When it comes to legislation this year, Missy Jenkins, vice president of federal lobbying for the Pharmaceutical Care Management Association, said her group, along with a coalition pushing for legislation that would allow for generic versions of biotech drugs, has met with presidential candidates such as Clinton and Sen. Barack Obama (D-Ill.) to discuss the effort.

Clinton, in fact, will appear at a press event today to roll out the Access to Life-Saving Medicine Act, as the bill is known.

“The coalition in support of biogenerics is pleased that some of the presidential hopefuls have seized on this issue of biogenerics,” Jenkins said. “I think it indicates the seriousness on their part to promote good policy.
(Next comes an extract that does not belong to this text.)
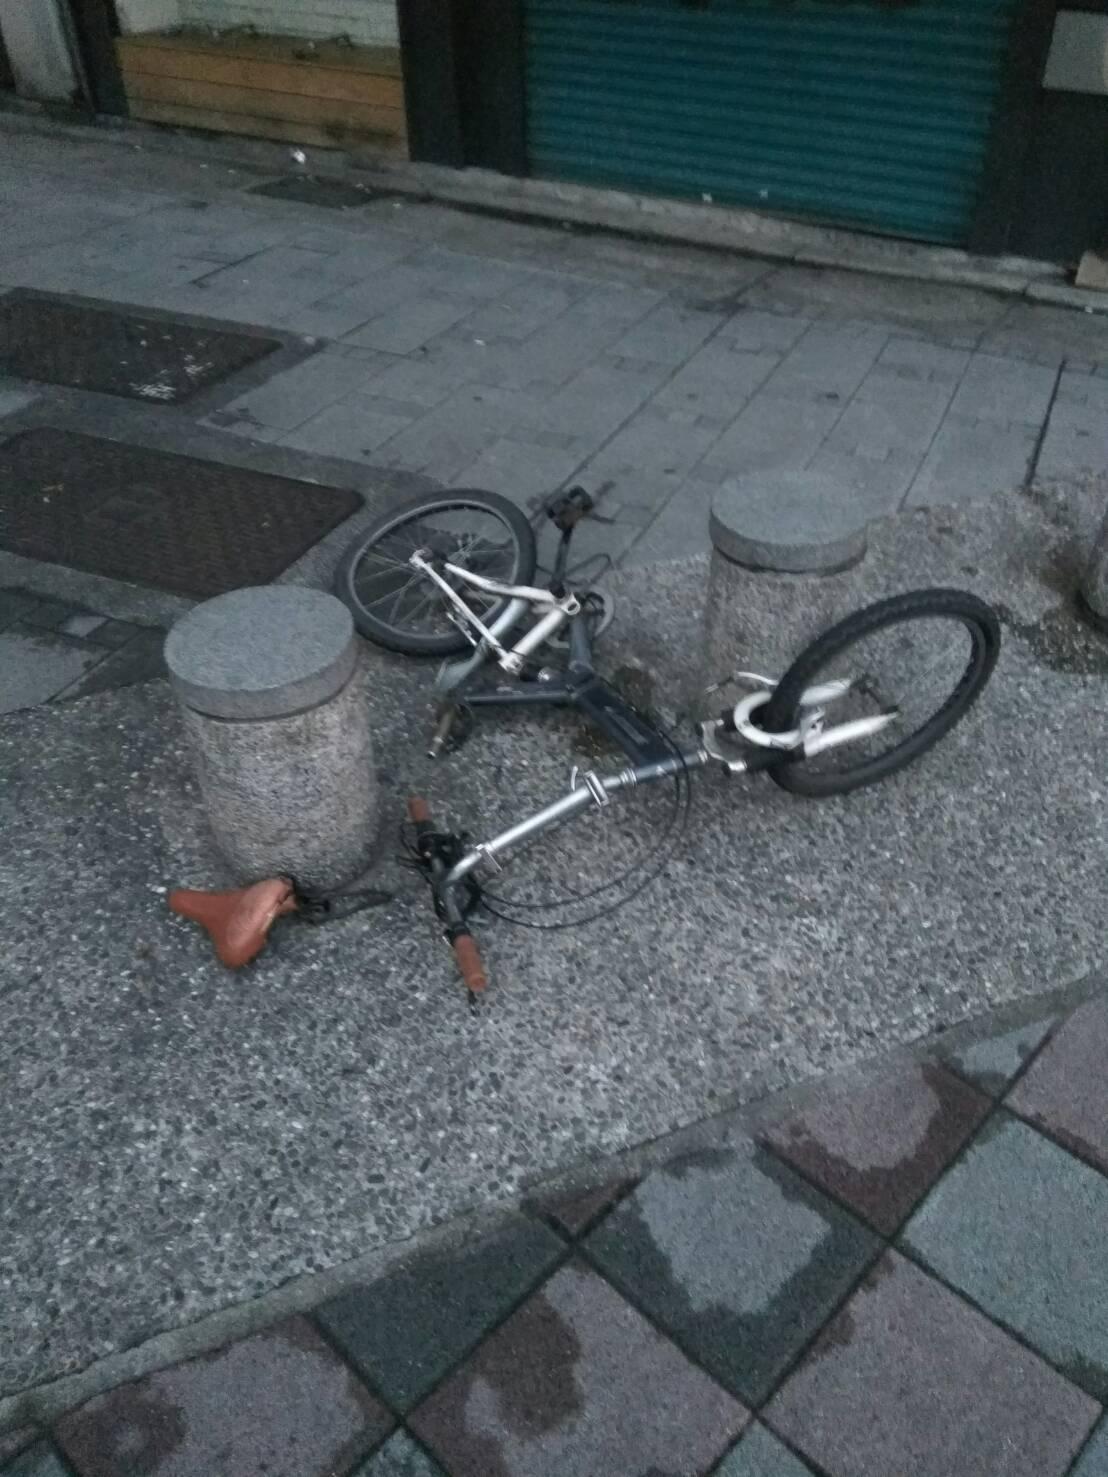 騎腳踏車的陳男闖紅燈遭撞。記者蕭雅娟/翻攝
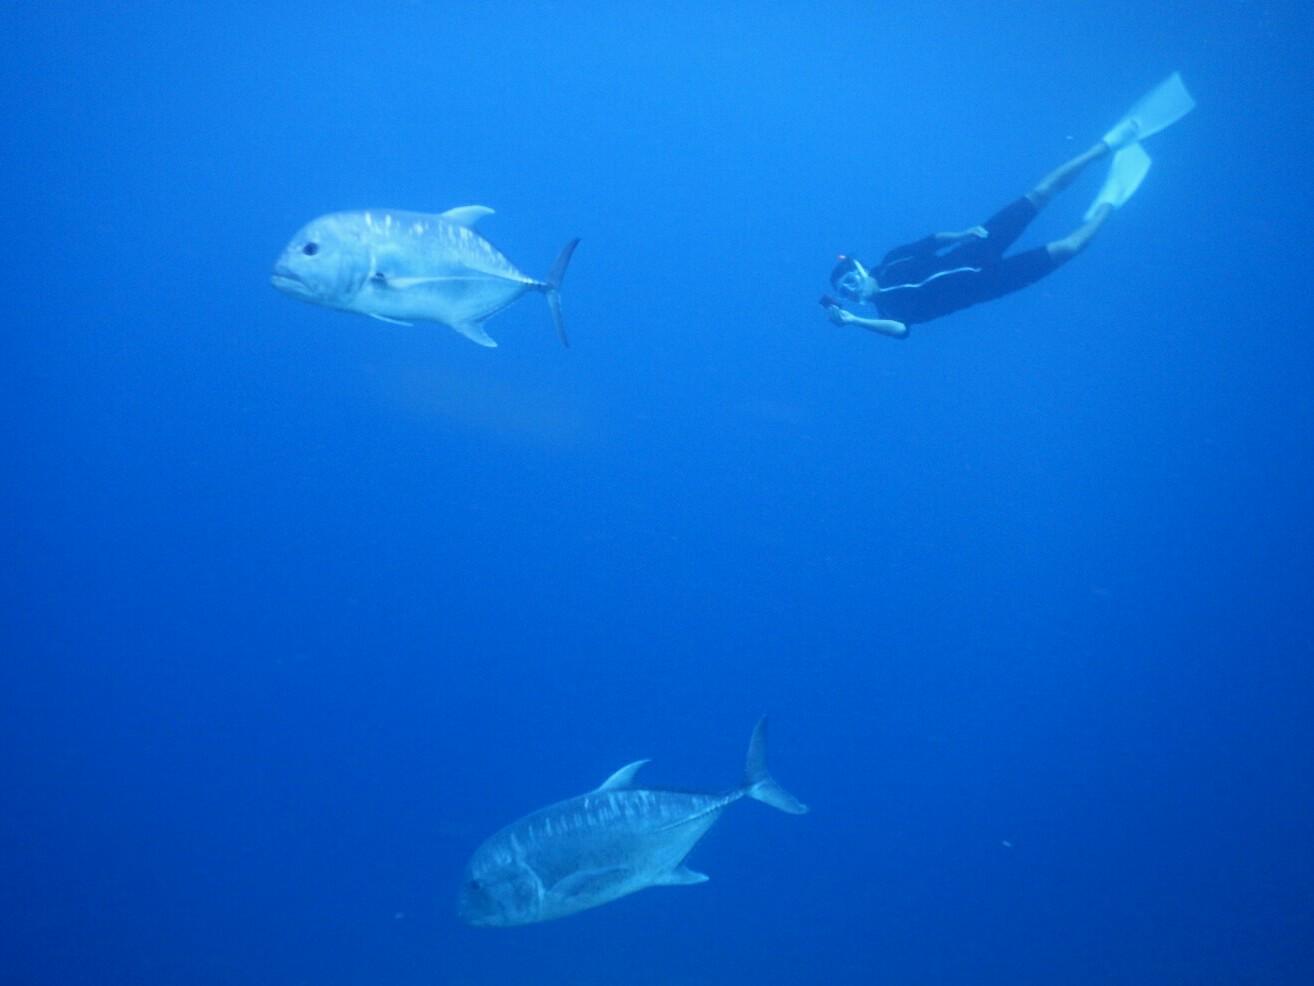 ウミガメではなくロウニンアジと泳ぐ

If someone is taking it on at a presidential level, it really does us a lot of good.”

Cecil Wilson, chairman of the American Medical Association’s board of trustees, said the physicians’ lobbying group is making sure presidential candidates know it has a plan for health care reform.

Wilson said AMA representatives have ongoing meetings with staff members from the presidential campaigns.

“The pace of this campaign has surprised everyone, but we are ready and we have a plan, which we have been refining over a number of years,” said Wilson, who is participating this week in the AMA’s Washington, D.C., legislative conference. “We’re encouraged that so many candidates are looking at the health care system. This offers an opportunity.”

AMA’s plan calls for a combination of public- and private-sector initiatives to get health coverage for all Americans, he said. Those proposals include tax breaks for people who pay for their own health plans and insurance policies that people take with them from job to job.

AMA is opposed to government-sponsored, single-payer universal coverage.

“We believe everyone should have insurance,” Wilson said. “We do not believe a single-payer plan will work for America.”

David Certner, director of federal affairs for AARP, said his organization is in the beginning phase of mobilizing its local offices in the early primary and caucus states as well as all 50 states during the 2008 election and has started testing messages.

“We have offices in every state, so we will have people involved,” he said. “We’ve done a lot of background research on key areas for us.”

Health care, he added, is an issue that AARP plans to “push as much as possible” with presidential candidates.

A spokeswoman for the American Hospital Association said her group also was in the early stages of coordinating campaign efforts with state hospital associations and member hospitals on the ground. And Mohit Ghose, vice president of public affairs at America’s Health Insurance Plans, said his group already is on the ground working in the states with early presidential contests to make sure candidates understand the issues from AHIP’s perspective.

Like other industry groups, AHIP has sent out its proposals — including one that calls for access to health coverage for all children within three years and most adults in 10 years — to all the declared presidential candidates. AHIP also is part of the Health Coverage Coalition for the Uninsured, which has reached out to candidates, Ghose said.

“I think they will reach out to us when they feel the time is appropriate,” Ghose said. “Our role as an industry is to put forward a positive agenda, which we believe will lead to real solutions.”